From 1966 to 1991, she held various important legal offices. She remained politically active years after the collapse of the USSR and is regarded as a hero in Russia.
2. Neil Armstrong
Neil Armstrong stands alongside X-15 -1
Accolades: Congressional Space Medal of Honor; Congressional Gold Medal; NASA Distinguished Service Medal; NASA Exceptional Service Medal
Known For: The first person to walk on the lunar surface
Neil Armstrong is arguably the most famous astronaut in the world and an inspiration to aspiring youngsters who dream of becoming an astronaut one day. Born in 1930 in Wapakoneta, Ohio, Armstrong graduated from Purdue University and became a member of the National Advisory Committee for Aeronautics before becoming an astronaut.
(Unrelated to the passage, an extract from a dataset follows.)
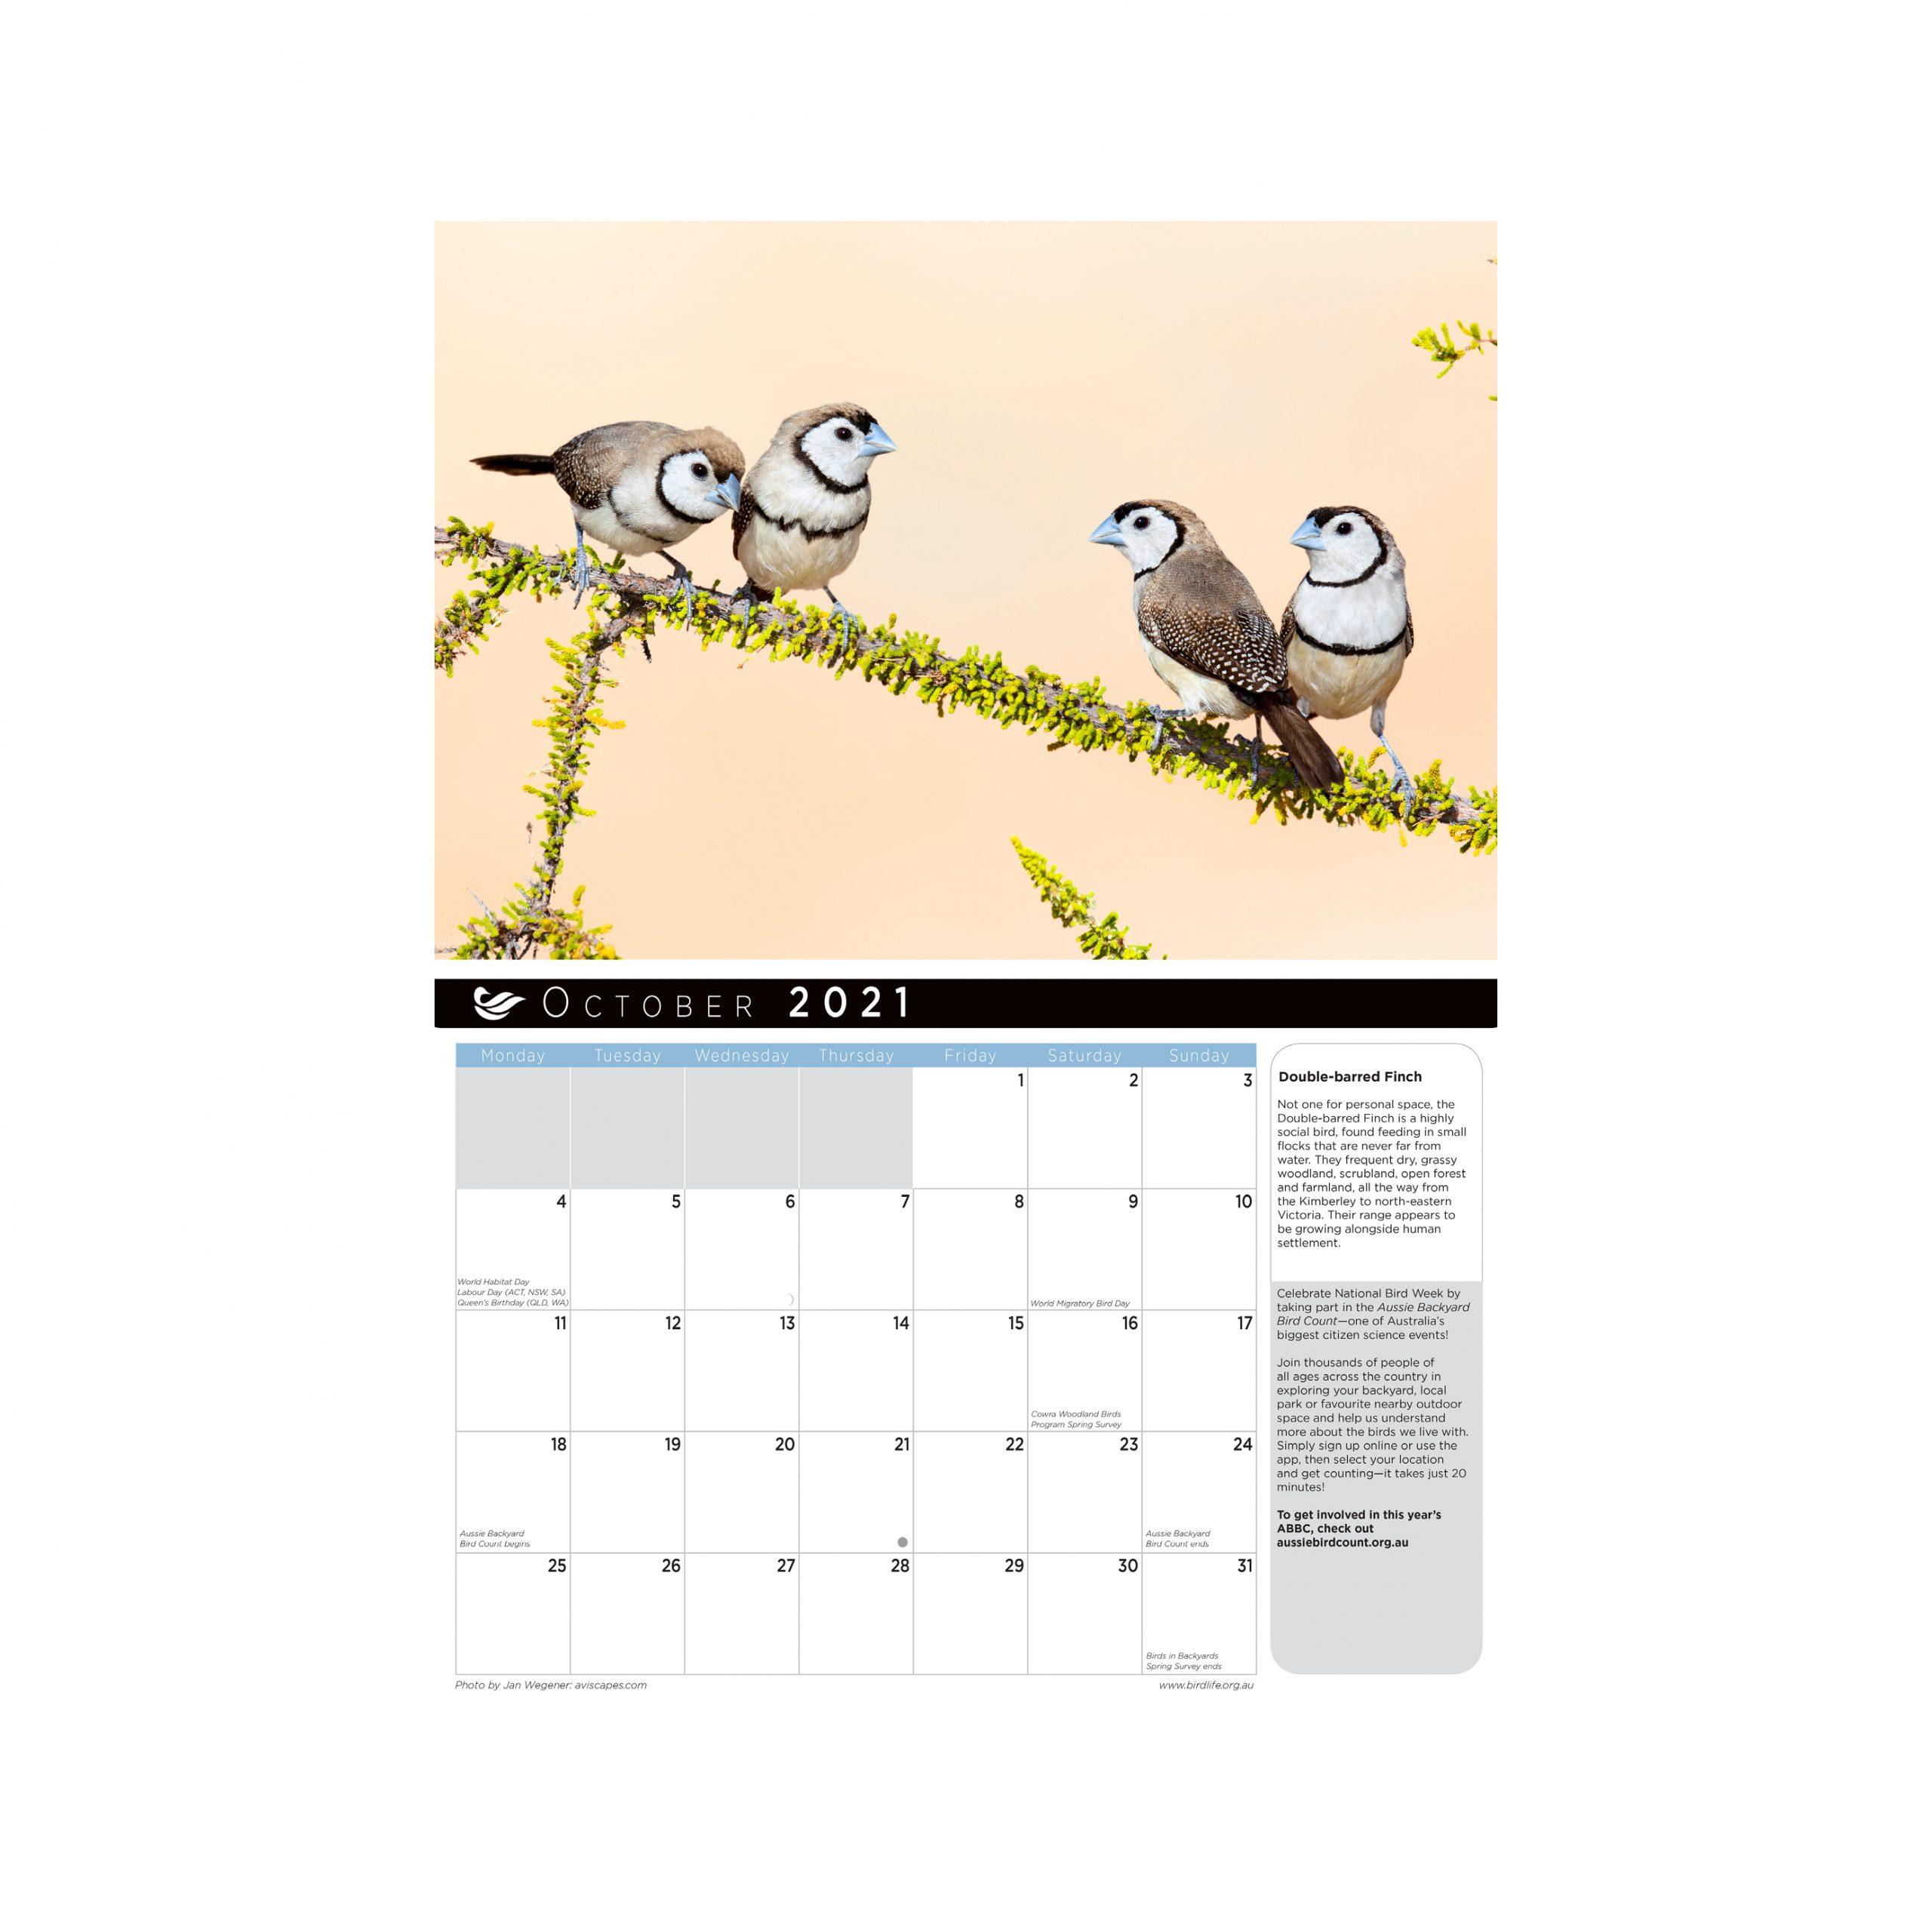 2021 Birds Of A Feather Calendar | Birdlife Australia within Important Awarness Dates 2021 Australia

After the Mercury 7 program, NASA wanted to recruit a fresh line of astronauts, and that’s when Armstrong joined and became part of the Gemini program. On July 16th, 1969, Armstrong, alongside “Buzz” Aldrin and Michael Collins, became the first astronauts to walk on the moon’s surface (except Michael Collins).
1. Yuri Gagarin
Accolades: Hero of the Soviet Union
Known For: The first person in space
No list of famous astronauts is complete without the Soviet cosmonaut Yuri Gagarin, the first man in space. In 1955, Yuri was drafted as a fighter pilot in the Soviet Air Force and was selected to the Soviet Space program due to his superior flying record. He was then shortlisted for a special group of astronauts known as the Sochi Six (Soviet’s equivalent of Mercury Seven).
On April 12th, 1961, with the entry of Vostok 1 into outer space, Gagarin became the first-ever human to reach space. After his triumphant return, Gagarin instantly became a national hero and was awarded various honors. Gagarin tragically died in 1968 during a fatal routine exercise. A detailed report of the crash was declassified in 2013, which stated that he died due to another pilot’s error.